:: Description of the task ::
Retype exactly the lines from the one that contains "Low Tops BLACK/WHITE" through the end of the listing, both included, but not the pictures.

:: Information provided ::
══════

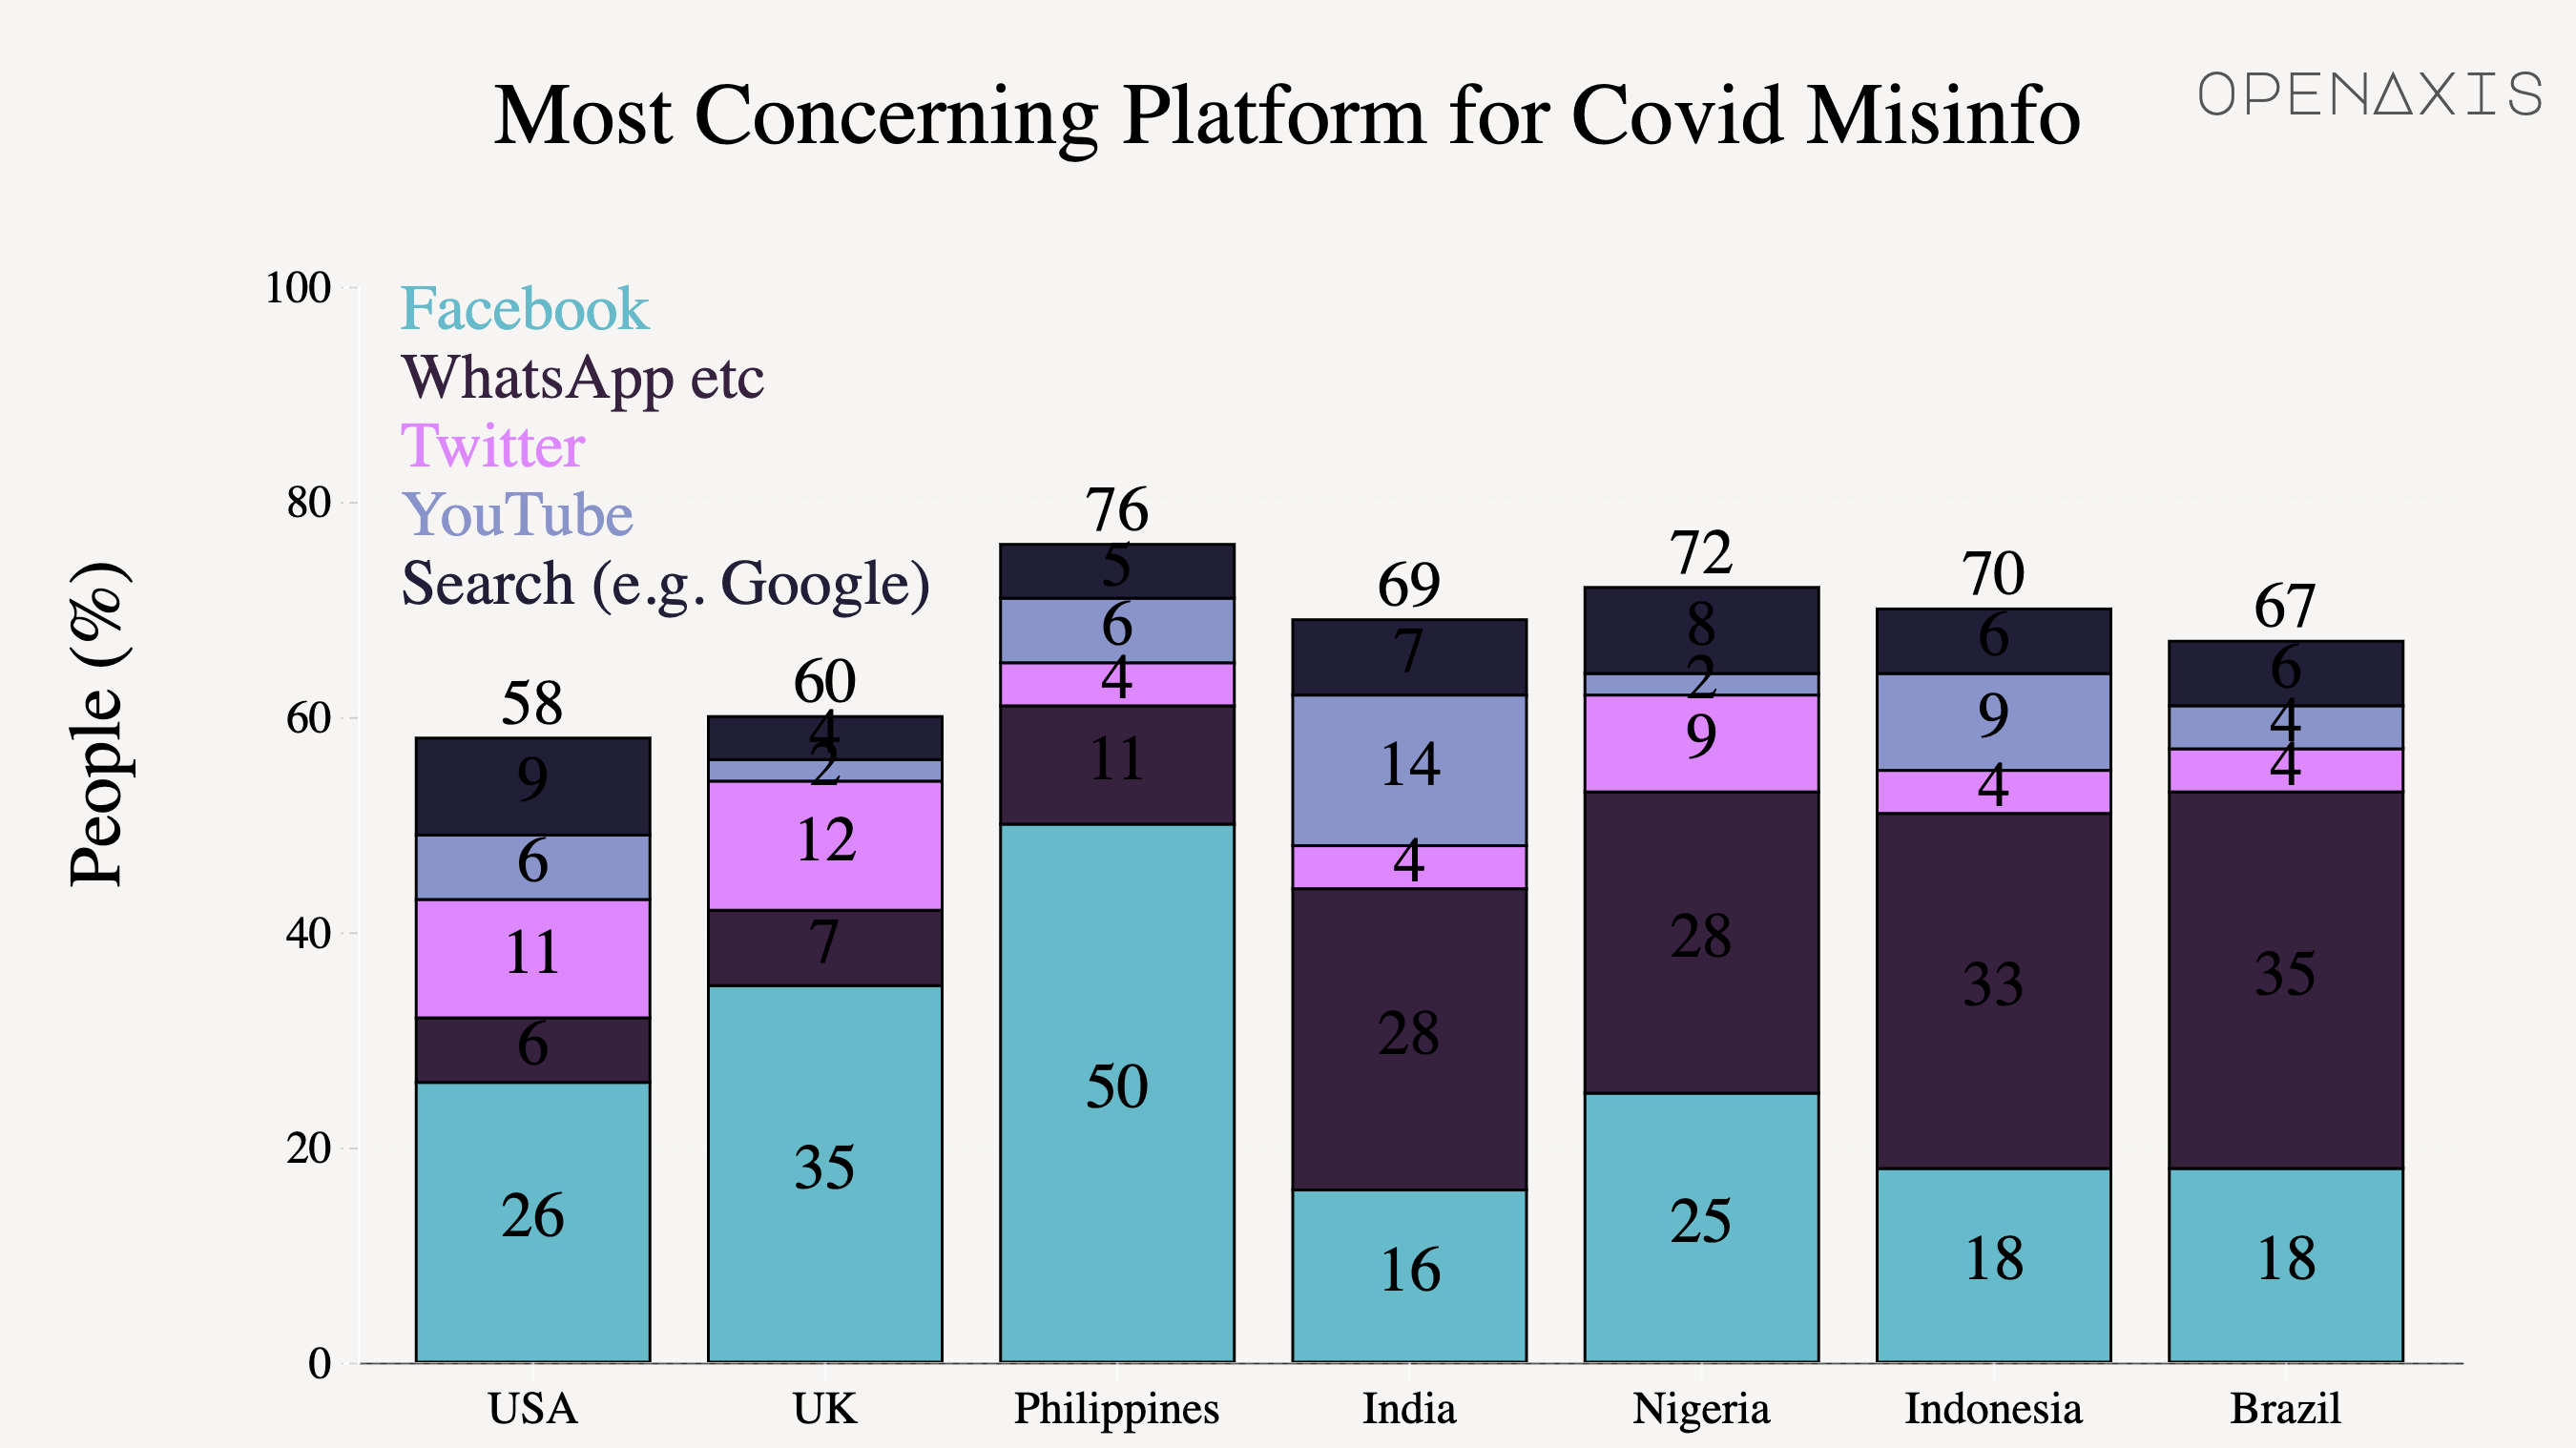 "Most Concerning Platform for Covid Misinfo "
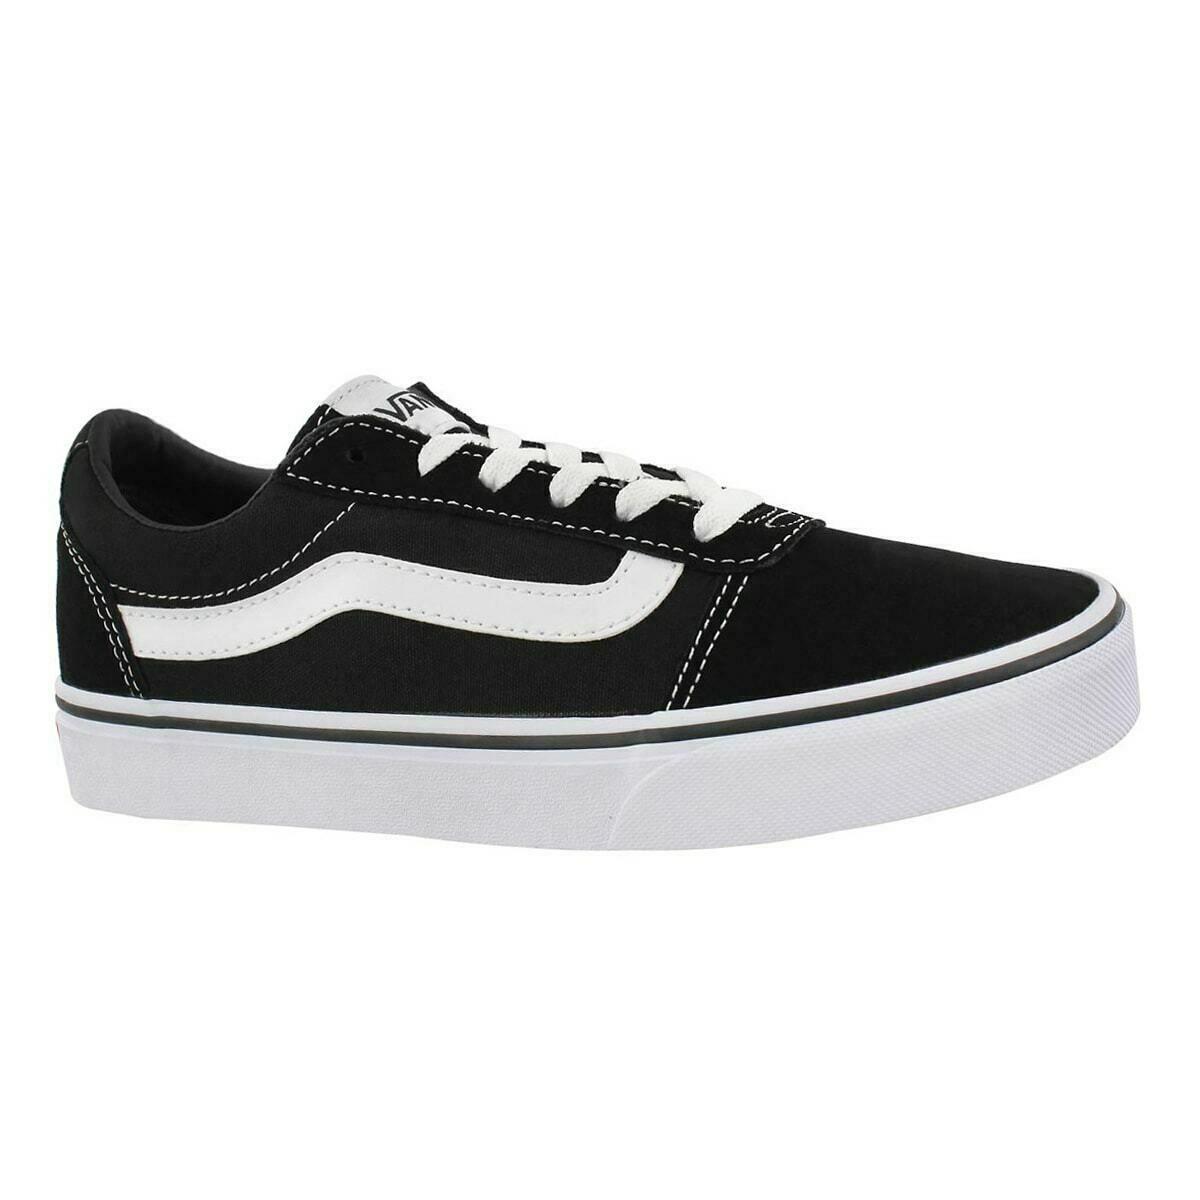 Vans Ward Women`s Shoes Sneakers Skate Casual Low Tops BLACK/WHITE
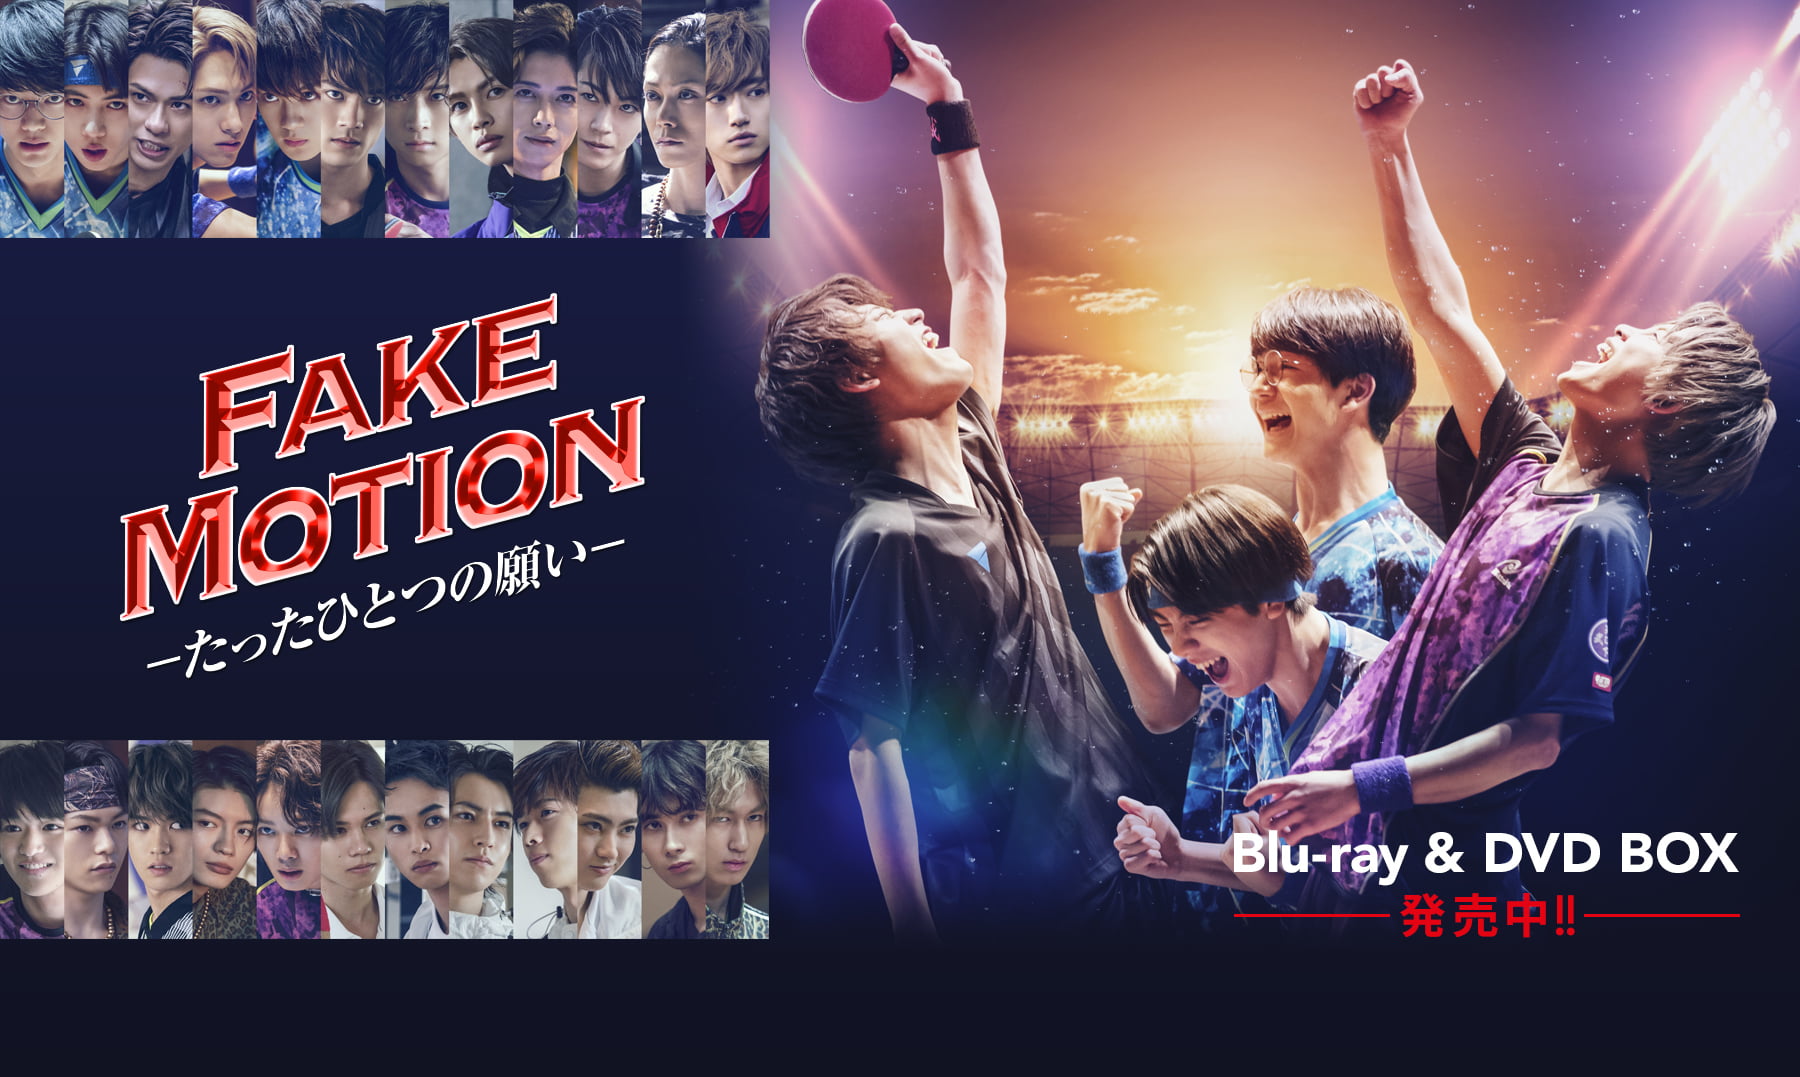 FAKE MOTION-卓球の王将- Blu-ray EBiDAN グッズ

══════

:: Response ::
 Vans Ward Women`s Shoes Sneakers Skate Casual Low Tops BLACK/WHITE
 FAKE MOTION-卓球の王将- Blu-ray EBiDAN グッズ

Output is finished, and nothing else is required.